Even if – and we emphasize the word if – the parliament had authorized the three medical musketeers to make this trip – the best they could have done was gather information, present a report about their trip to parliament and ask via a motion to bring this to the attention of the relevant minister.

Maybe the three have found some obscure rule we’re not aware of that gives them the authority to do what they did. But if that rule exists, it is wrong and ought to be abolished.

Why? Because members of the legislative branch legislate; they don’t execute. Looking back over the past almost six years since 10-10-10 it is legitimate to ask the question how often these MPs have actually legislated anything.

Classic example: the motion to legislate the ban on the single use plastic grocery bags came (also) from a member of the United People’s party. That was four years ago. Do we have the ban? Do we have the legislation?

Of course we don’t. That’s because MPs are too busy traveling to faraway places to make deals for their own benefit.
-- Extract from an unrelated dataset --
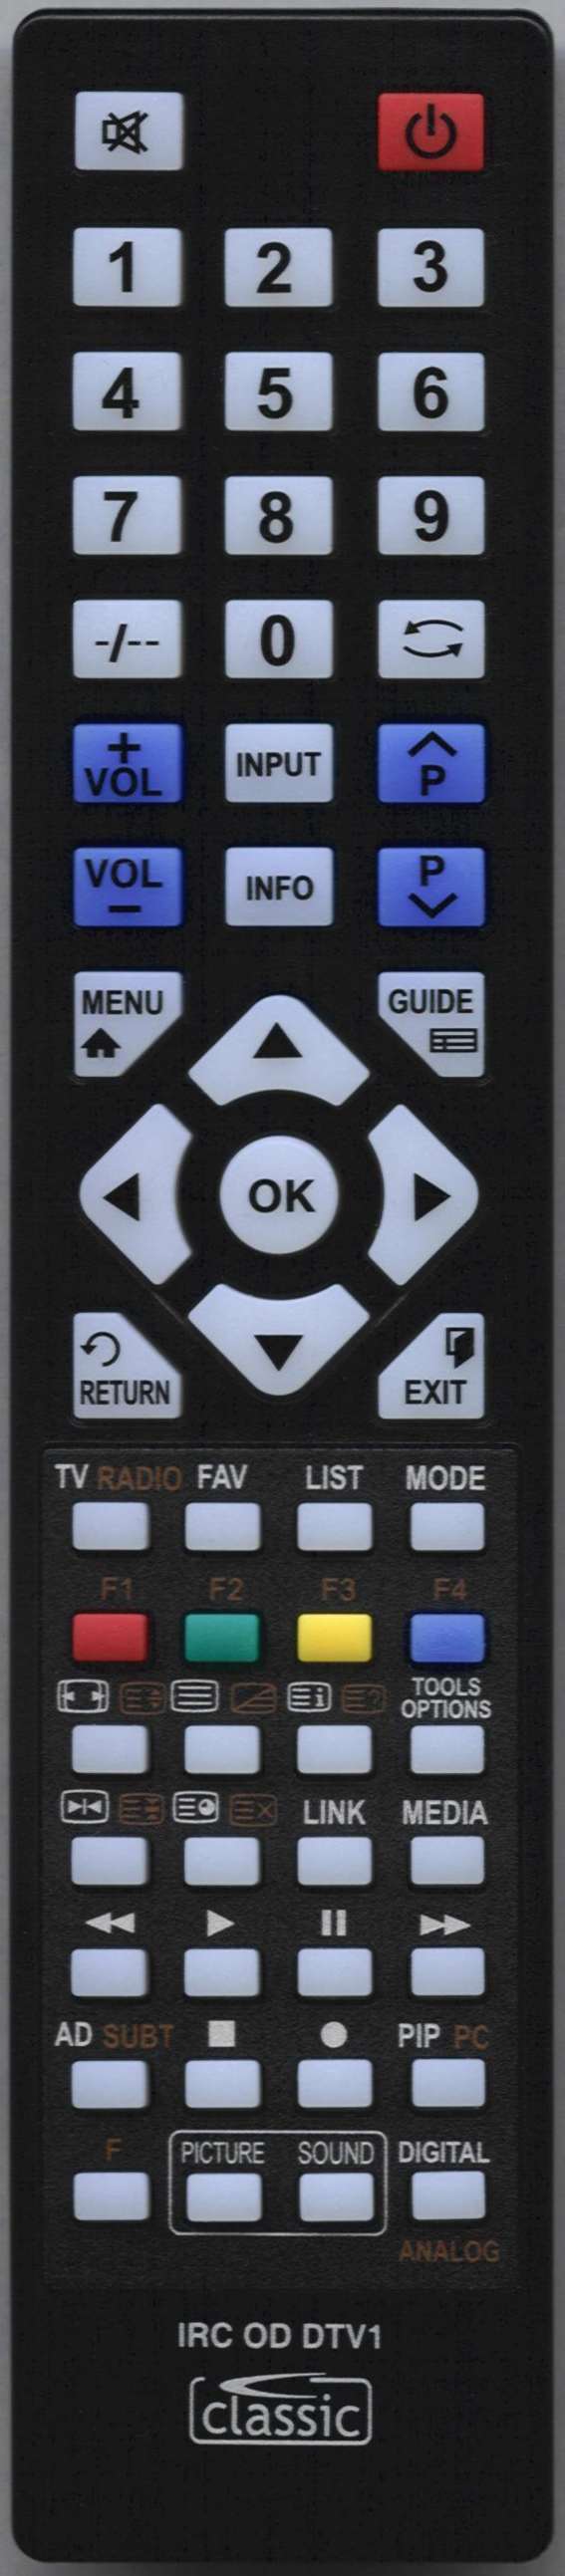 SONY RMT-TX100D Remote Control Alternative

Indeed, this is not limited to one faction in parliament, it would be unfair to even make that suggestion.

Remember that press conference Romain Laville gave on March 26, 2014? Laville, former faction-leader of the UP and in 2014 an independent member of parliament, presented a memorandum of understanding between the government of St. Maarten and the Commonwealth of Dominica. The Minister of Tourism and Economic Affairs, Ted Richardson, sat as a sidekick next to Laville during the press conference and never uttered a word.Again, this is an example where a member of the legislative branch stepped into the shoes of the executive branch.
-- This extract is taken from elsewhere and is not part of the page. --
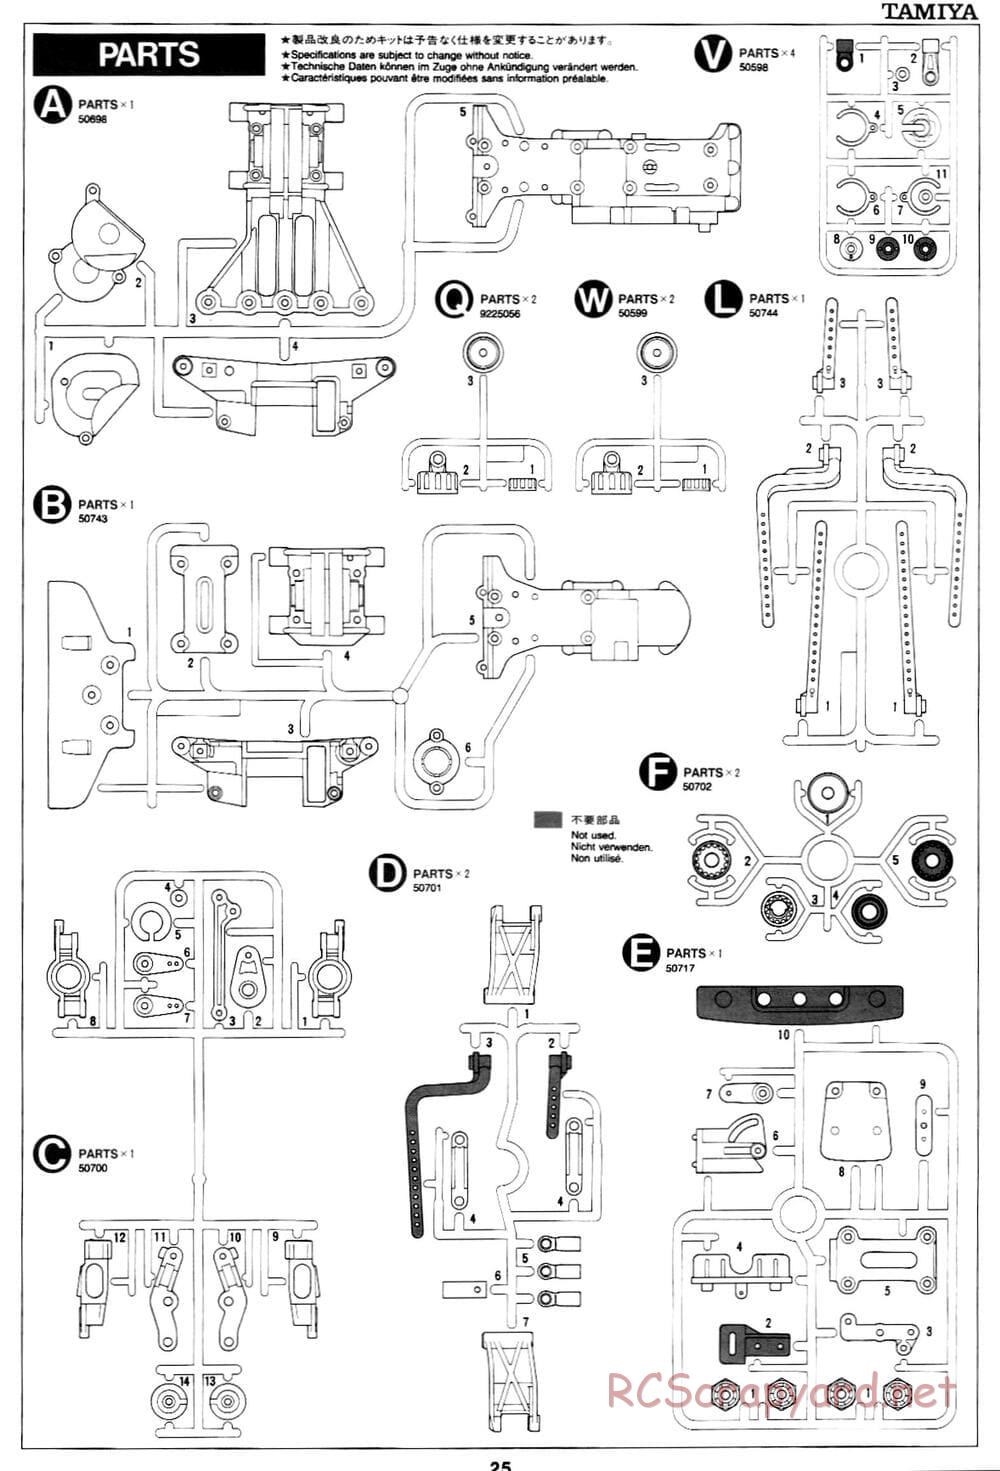 Tamiya - Mercedes CLK-GTR - TA-03R Chassis - Manual - Page 25

The memorandum required the approval of the Council of Ministers – and never got it. The memorandum contained a “tentative deal” (in other words, nothing was certain) to piggyback on Dominica’s deal with Venezuela’s Petro Caribe Agreement that would have made cooking gas on the island much cheaper. What Laville did not say is that this good-looking deal would have bound St. Maarten to a loan for the price difference. The country would pay a percentage of the real cost up front and pay off the balance over a period of 25 years at a 1 percent interest rate. This way, Jamaica had built up a debt of $2.5 billion to Venezuela in 2014, while the debts of many other Caribbean countries run into the hundreds of thousands of dollars.
The memorandum also boasted five scholarships for St. Maarten students, but it turned out later on that these scholarships did not exist.
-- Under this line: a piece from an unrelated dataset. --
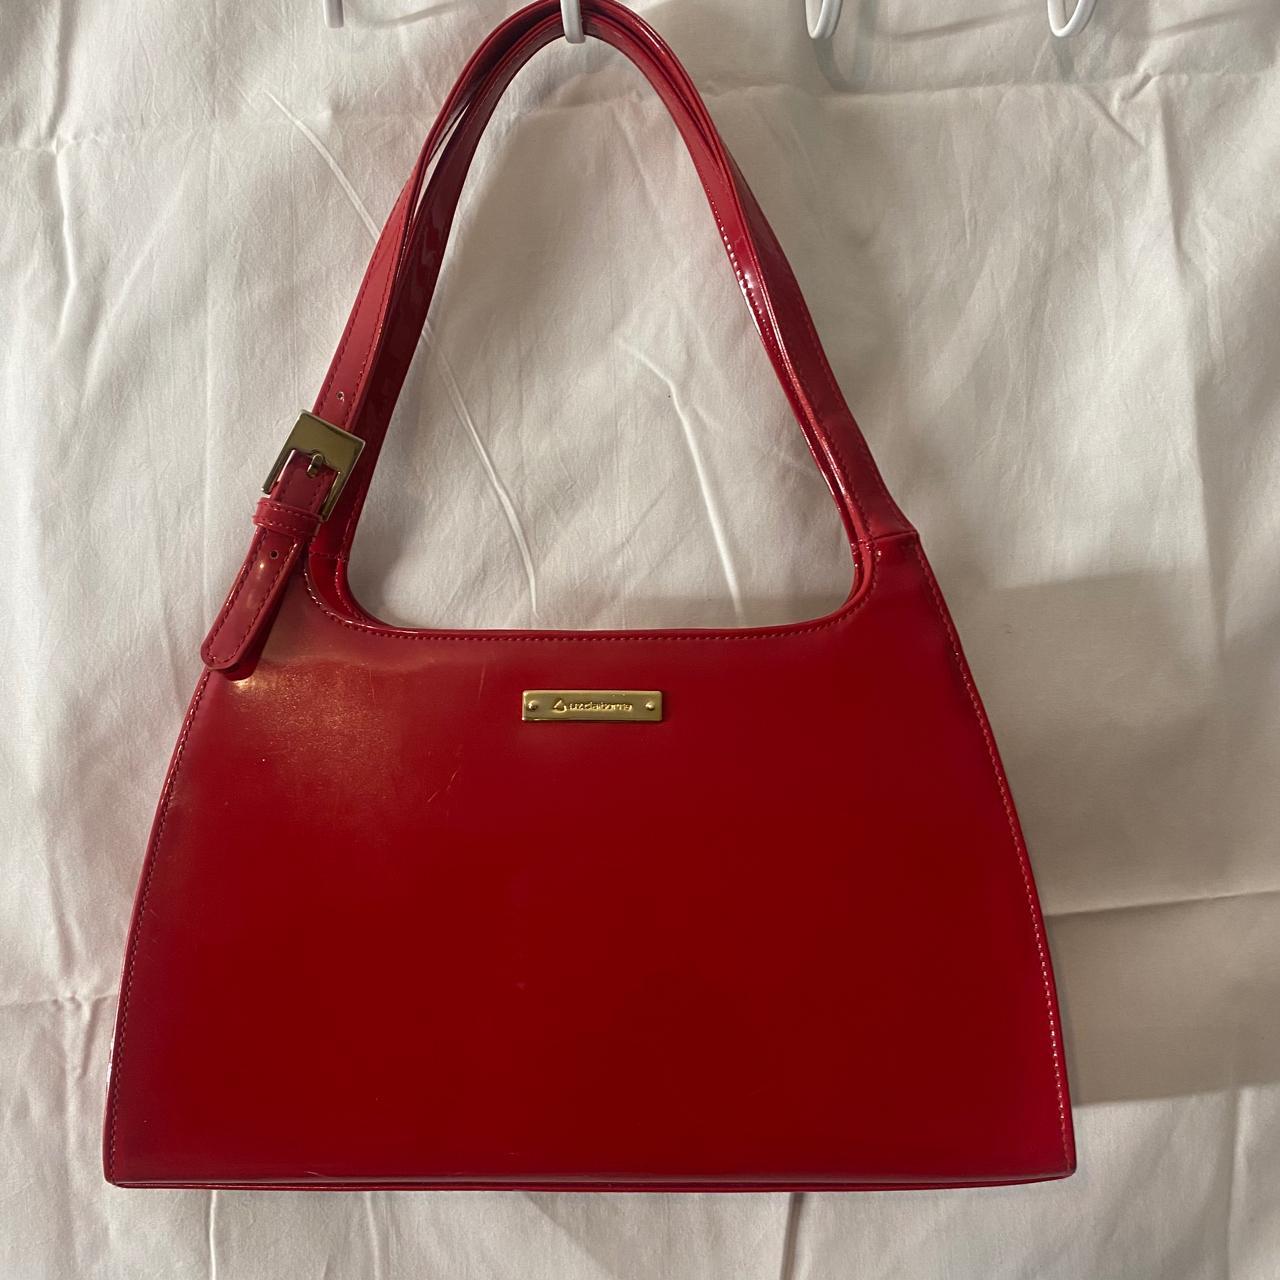 Liz Claiborne Women's Red Bag | Depop

Two years earlier, Laville was however on the legislative bandwagon when he announced that he would submit a draft law regulating pawn shops and cash for gold businesses. A good initiative, but it never came to anything. And yet, these are the kinds of initiatives members of parliament ought to pursue if the executive branch does not come up with its own legislation.

Making deal with hospitals in other countries, or even suggesting the possibility of a deal, is not part of the job description for any member of parliament.